In short the main aim for this activity is the flexible access of data. Partitioning can be done in many different ways. One of the major issues facing the data warehouse developer is whether the partitioning is done at system or application level. Partitioning at system level is a function of the DBMS and operating system to some extent.

3 The Data warehouse and Design

3.1 Data Extraction from Operational Environment

The main design of the data warehouse starts from the data which comes from the operational environment. The data in the legacy systems would be in the form of flat file, DB, Sybase or in mainframe systems. Using the concept of extraction the data is fed inside the data warehouse. But the main problem with this transaction is the integration factor which is usually very less in the operational environment. This extraction and unification of data is a very complex process and this needs to be done for sure for the success and stability of the data warehouse.

One of the common integration examples would be the data that is not encoded consistently in all the places, as shown below by the encoding of gender in one place it would be m/f in another it would be 1/0 so this ch
anging of values to a standard universally accepted value corresponds to data integration.

The Integration of the existing legacy systems is not the only difficulty in the transformation of data to the data warehouse. Another major problem would be the efficiency of accessing existing system data.

There are three types of loads which are made into the data warehouse from the operational environment:

Archival data
Data currently from the operational environment
On-going changes to the data warehouse environment after the last refresh.

Loading archival data into the data warehouse is the first load which is done as it represents very minimal challenges. The second advantage of this being done is that it is just a one time event.

Loading the current non-archival data from the operational environment to the data warehouse is also not of a big challenge because even this is done once and the event is minimally disruptive.

Loading the on-going changes of data from the operational environment to the data warehouse is one of the biggest challenges of the data architect. This on-going changes happens daily and tracking and manipulating them is also not very easy.

There are some common techniques which are followed for the data extraction so that the amount of operational data is also limited. The first technique would be to scan the data that has been time-stamped in the operational environment. The second technique to limit the data to be scanned is to scan the “delta” files. These delta files contain only the changes which were made in the application after the last run. The third technique is to scan a log file or an audit file created as a by product of the transaction processing. The last and final technique for managing the amount of data scanned is done by modifying the code. This is not a very popular option as most of the source code is very old and fragile.

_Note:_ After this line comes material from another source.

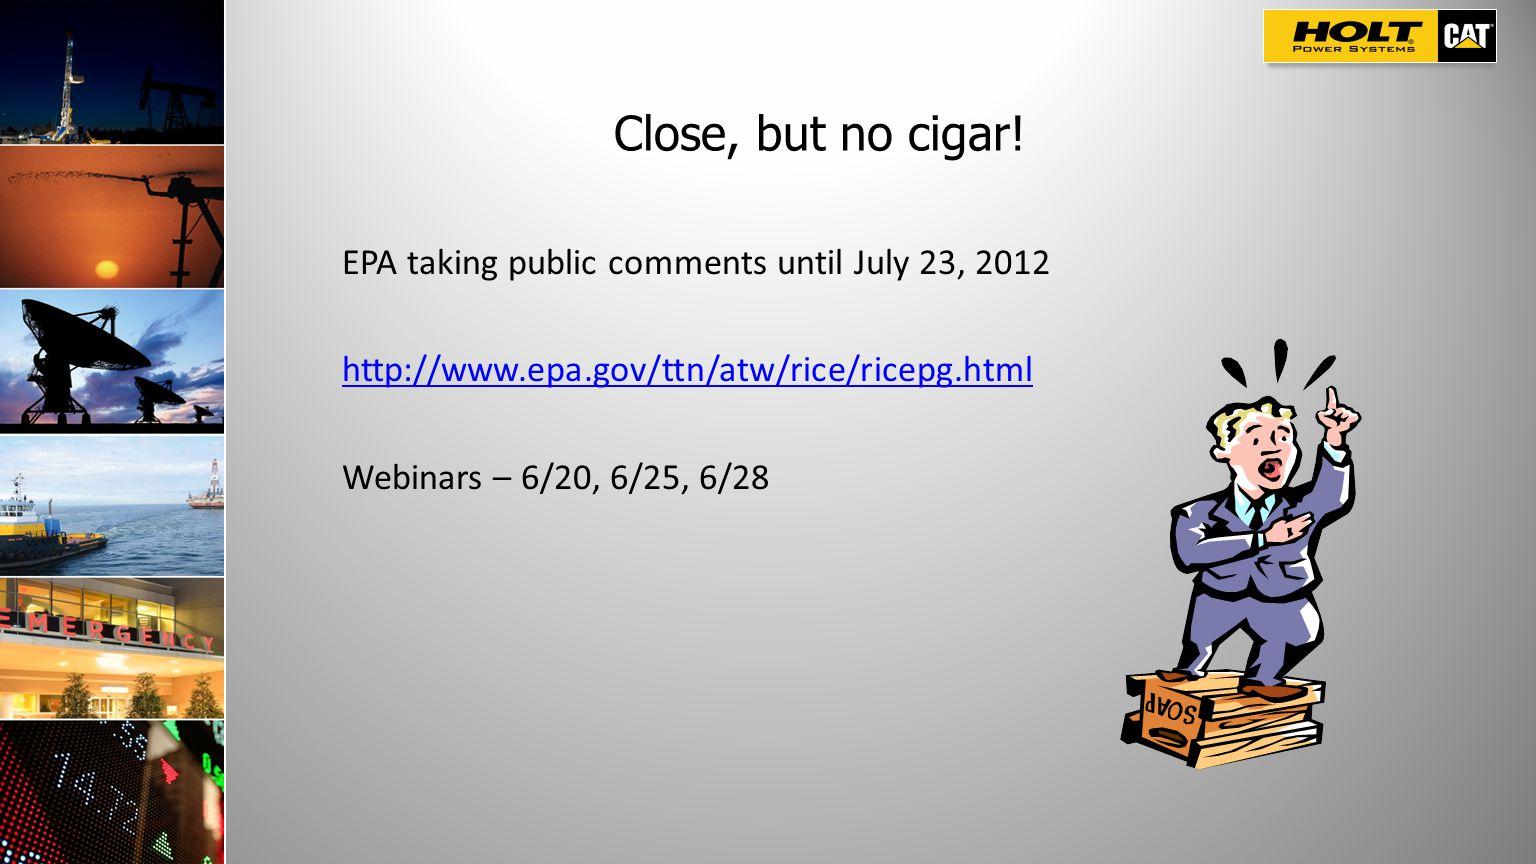 Close, but no cigar! EPA taking public comments until July 23, 2012 http://www.epa.gov/ttn/atw/rice/ricepg.html Webinars – 6/20, 6/25, 6/28
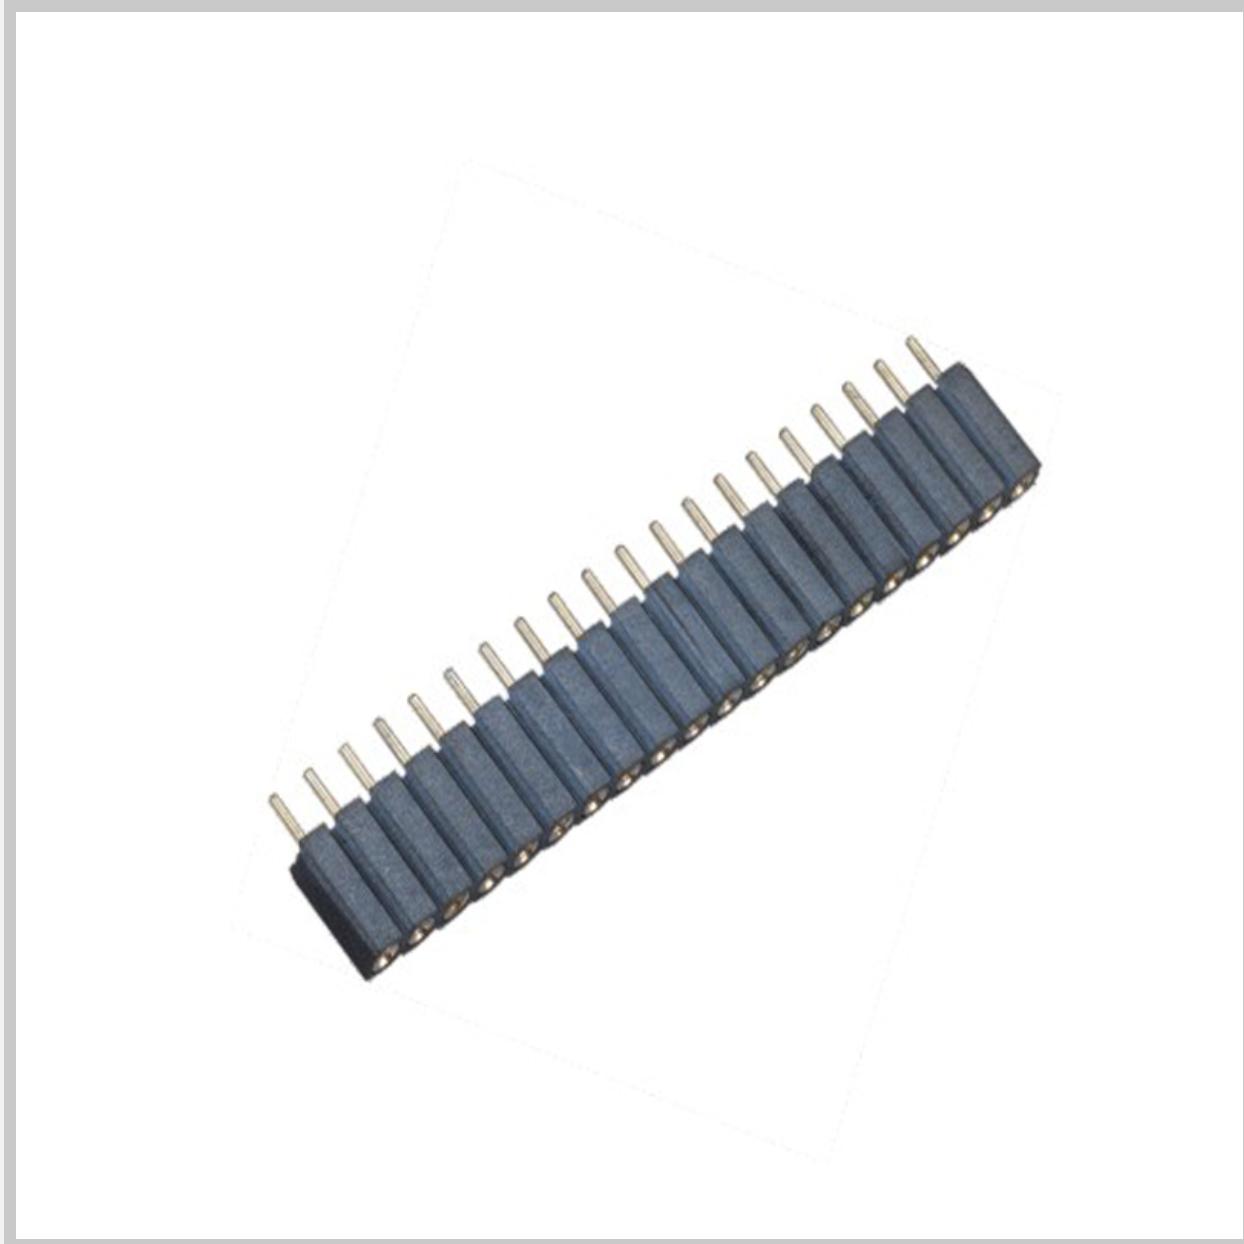 L488XX-97XXX 排母圆孔型-J PH2.0X2.8 单排 卧贴

3.2 The Data Warehouse and Data Models

Before attempting to apply the conventional database design techniques the designer must make an attempt to understand the applicability and the limitation of those techniques. The process model applies only to the operational environment as it is a requirement driven but the data model concept is applicable for both the operational and the data warehouse environment we cannot use the process model in data warehousing as many development tools and requirement are not applicable for the data warehouse.

3.3 Corporate Data Model

The corporate data model focuses only on and represents only primitive data. To construct a separate existing data model the corporate data model is the first step. There are a fair number of changes which are made to the corporate data model when the data moves to the data warehouse environment. First the data which is only used in the operational environment is completely removed. Then we enhance the key structure of the data by adding the time factor into consideration. Then we take the derived data and add it into the corporate model we also see if the derived data is continuously changing or historically changing what ever is the scenario we do the changes in the data. Finally, data relationships in the operational environment are turned into artifacts in the data warehouse.